3.2.3.2. Grace period (single case)
Grace period, in short, when the client and server recover the last connection state after the connection is interrupted, if the recovery timeout (grace period) expires, the connection will be re established. During the recovery process, the client is prohibited from acquiring new state and only recycling state is allowed.
3.2.3.3. Reboot Epochs
Service version
- R Recovery
- N Normal
Version status
- The current version of C, reflected in grace db dump output, is cur
- A non-zero value of R indicates the effective time of the grace period, and 0 indicates the end, which is reflected in the grace db dump output as rec
3.2.3.4. gracedb
Stateful data is recorded in the database, and the recovery information of Rados cluster is stored in rados omap through Ganesha Rados grace 7 The command line can operate data, such as adding nodes to the cluster and kicking nodes out of the cluster.

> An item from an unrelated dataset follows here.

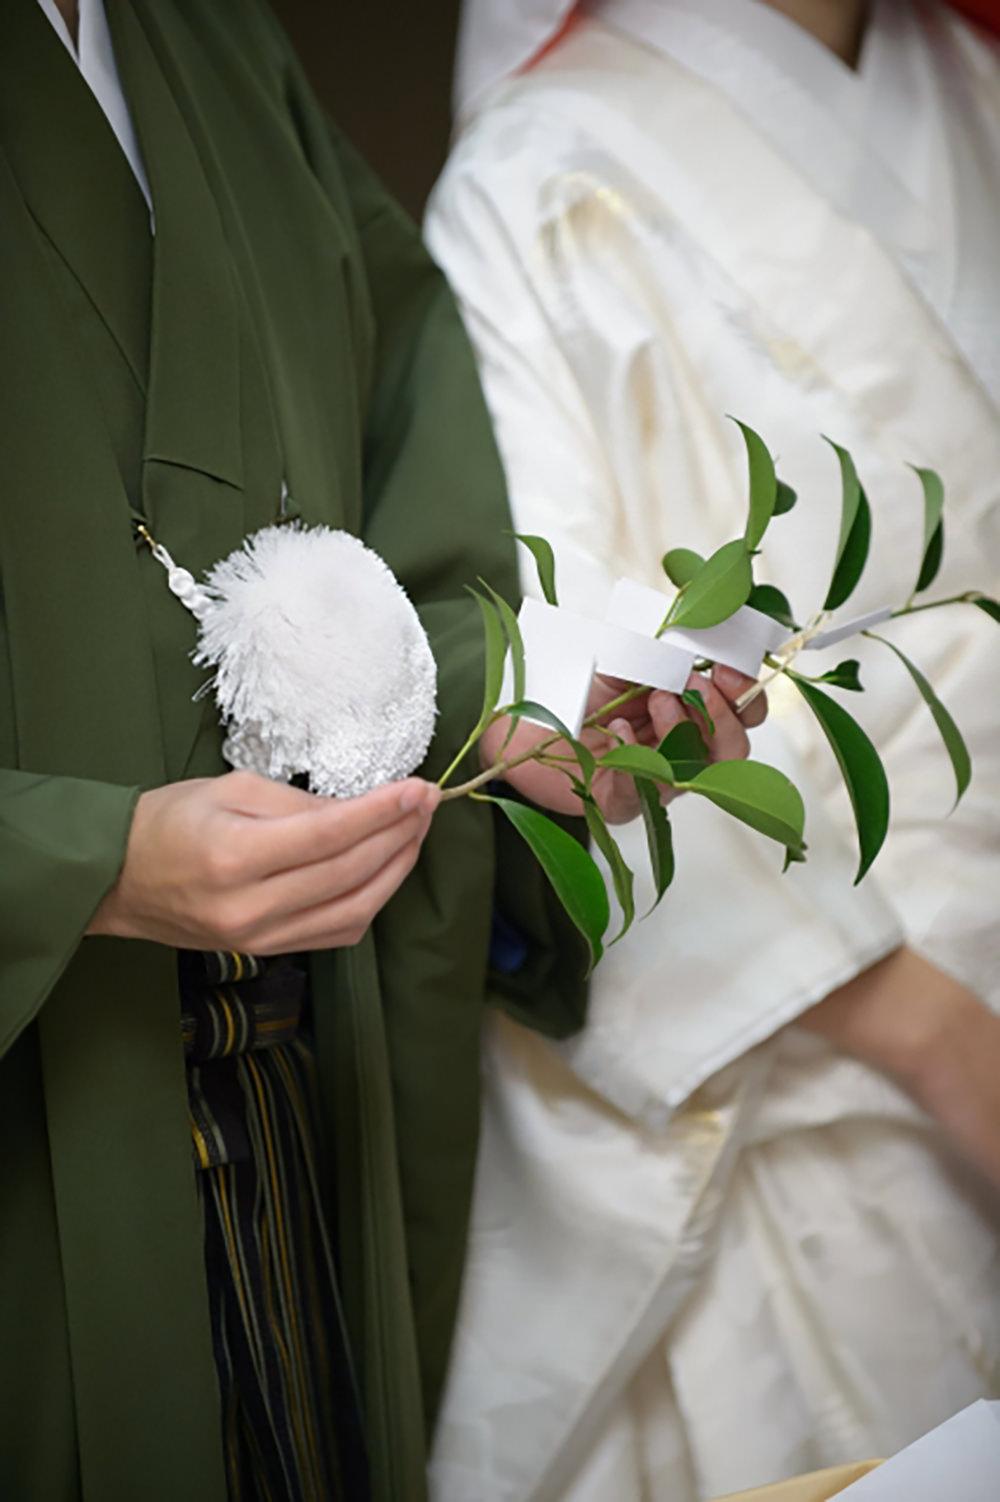 神前結婚式の正しい作法を確認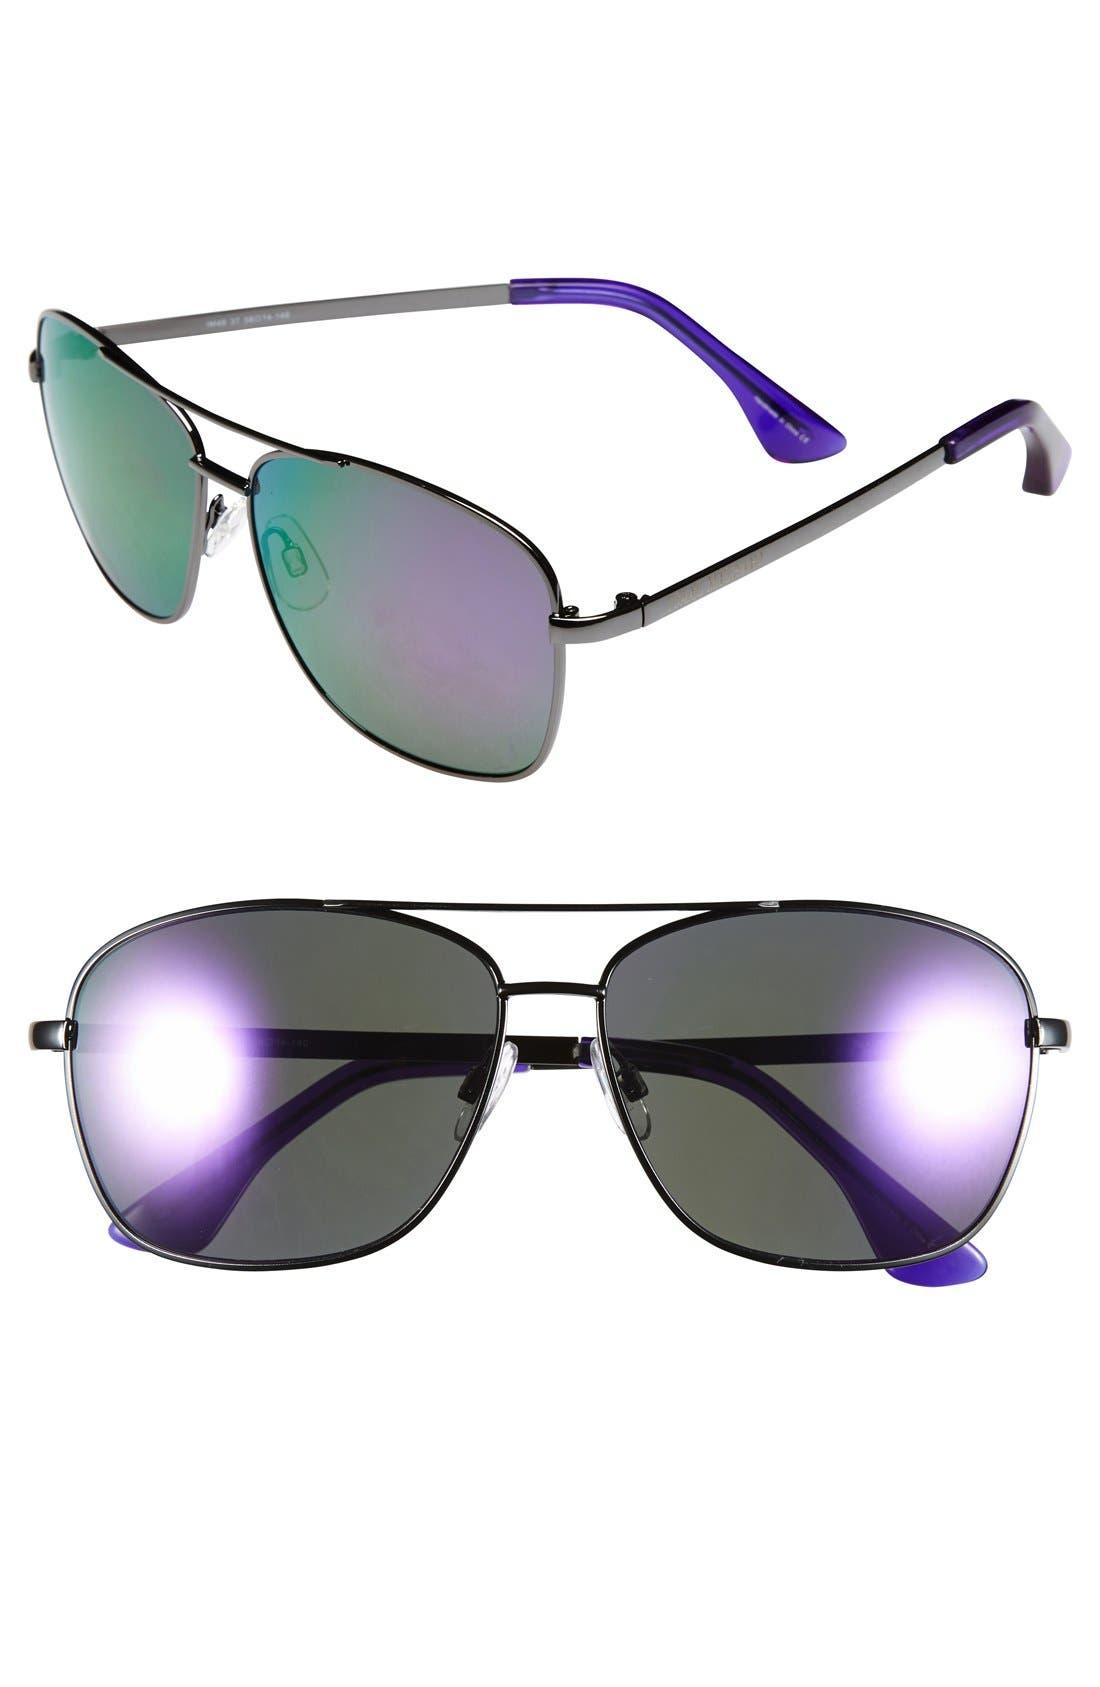 Main Image - Isaac Mizrahi New York 58mm Aviator Sunglasses

After joining the cluster, nodes have two states
- N(NEED) whether the node has a client that needs recovery
- E(ENFORCING) grace period
3.2.3.5. Cluster
The above client recovery, grace period and gracedb explain the recovery principle and state storage of single services. For the cluster, only multiple single services are deployed, and the state is consistent
ganesha cluster scenario: multiple ganesha services are deployed, and the server accesses one of them through VIP or DNS. If the ganesha service being accessed hangs, the client changes to another ganesha service for access (it should be noted that the last accessed status data is also in the database of other nodes of the cluster). The new access connection restores the original state, If it cannot be restored, delete the original state of the database and rebuild the connection.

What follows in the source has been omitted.